1. Introduction🔗

Mobus proposes that the language of systems should possess

"both the characteristics of a natural language for expressing systems and the characteristics of a formal language (both mathematics and computation) making it useful in constructing computer models for simulation."

— Mobus (2022), Ch. 4

and that such a language should be

"speakable" as well as "viewable" as well as "computable." People should be able to talk to each other without over-abstraction causing the loss of details and meanings that support real understanding.

— Mobus (2022), p. 70

This document is not that language. It is the verification layer beneath it.

This formalization began as an independent study (Fall 2025) with Cliff Joslyn at Binghamton University, initially covering three structural traditions (Klir, Bunge, Mobus). The commuting triangle and six categories of information loss emerged from that work. The expansion to seven traditions and the categorification program grew from a natural question: what happens when you include the operational and cybernetic definitions?

1.1. Three Layers🔗

Three distinct layers, each serving a different function:

System Language (Mobus): the speakable and viewable layer. How practitioners reason about, communicate, and diagram systems.
BERT (Bounded Entity Reasoning Toolkit): the computational implementation. Renders the 8-tuple as interactive models that can be built, explored, and simulated.
Lean 4: the formal verification layer. Proves that the mathematical foundations beneath both are sound.

The coherence constraints Lean enforces (disjointness, bipartiteness, boundary completeness) are exactly the grammar rules that BERT's System Language compiler checks. The proofs ground the tool: BERT's composition rules are correct because Lean verified the structural properties they depend on.

Lean does not replace the system language. It validates that its mathematical commitments are sound. The hard problems were not proof search; no proof required more than a few tactic steps. They were representational: should ActsOn reference HasStateSpace? Should environment be a field or derived? Should we use Set or Finset? These decisions propagate through the entire codebase and require understanding the source material, not Lean expertise.
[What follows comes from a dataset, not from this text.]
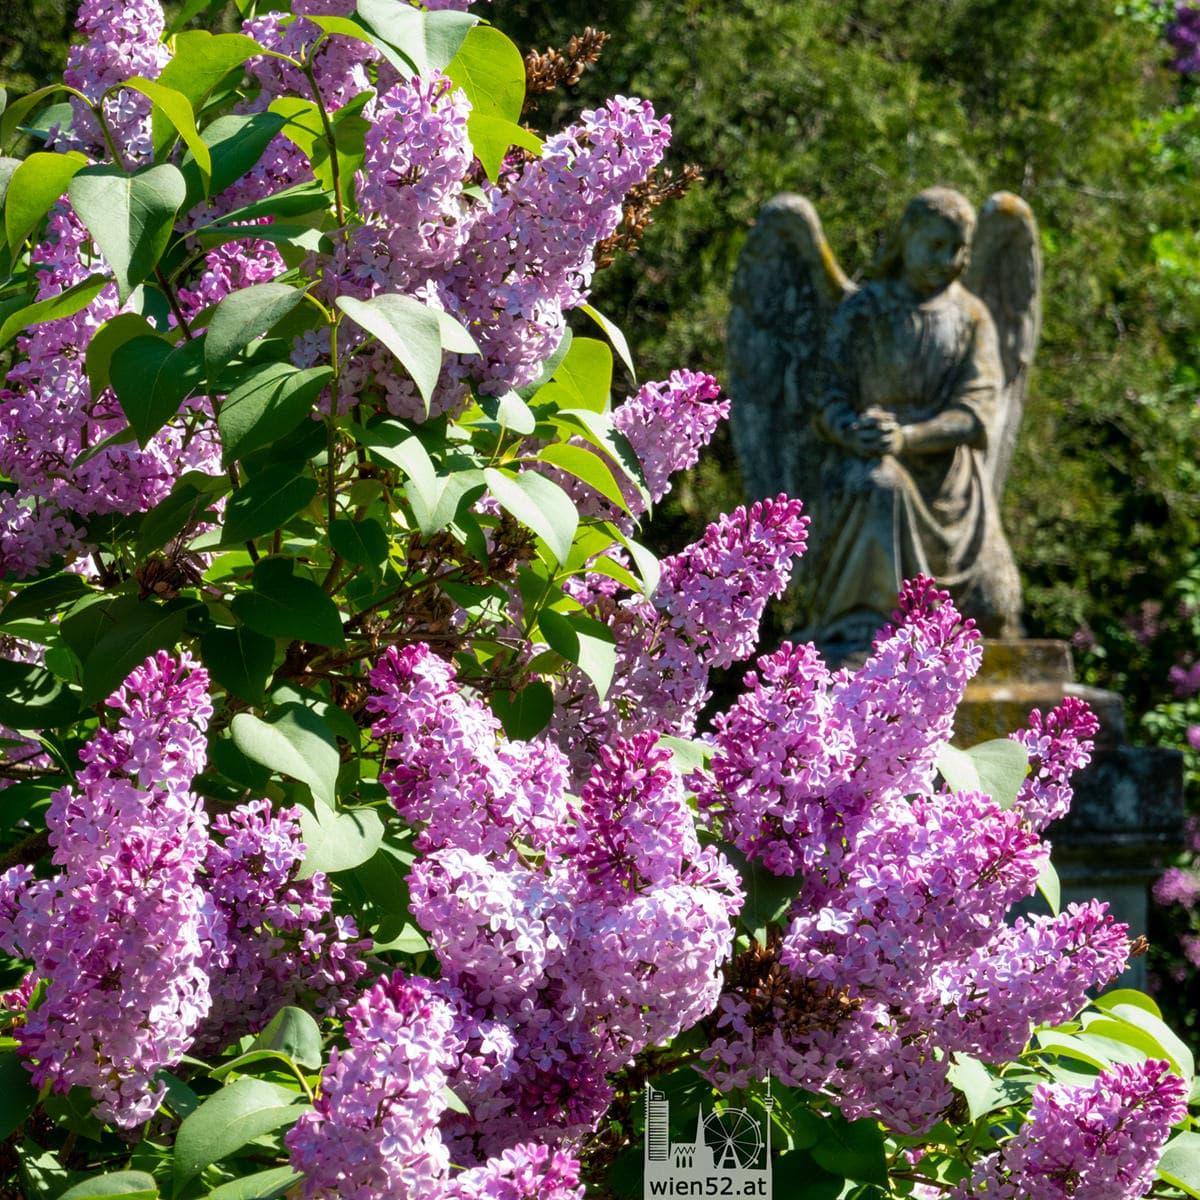 Fliederblüte am Sankt Marxer Friedhof

1.2. How to Read This Document🔗

Every definition is rendered three ways:

Typeset mathematics — the formula as published, in the author's notation
English prose — what the definition means and why it matters to a systems scientist
Live Lean code — the compiler-checked encoding; hover over any expression to see its type

The three registers serve different readers. A systems scientist reads the prose and checks the math. A proof engineer reads the Lean and checks the types. A philosopher reads all three and asks whether the formalization faithfully captures the original intent. Disagreements between registers are where the interesting questions live.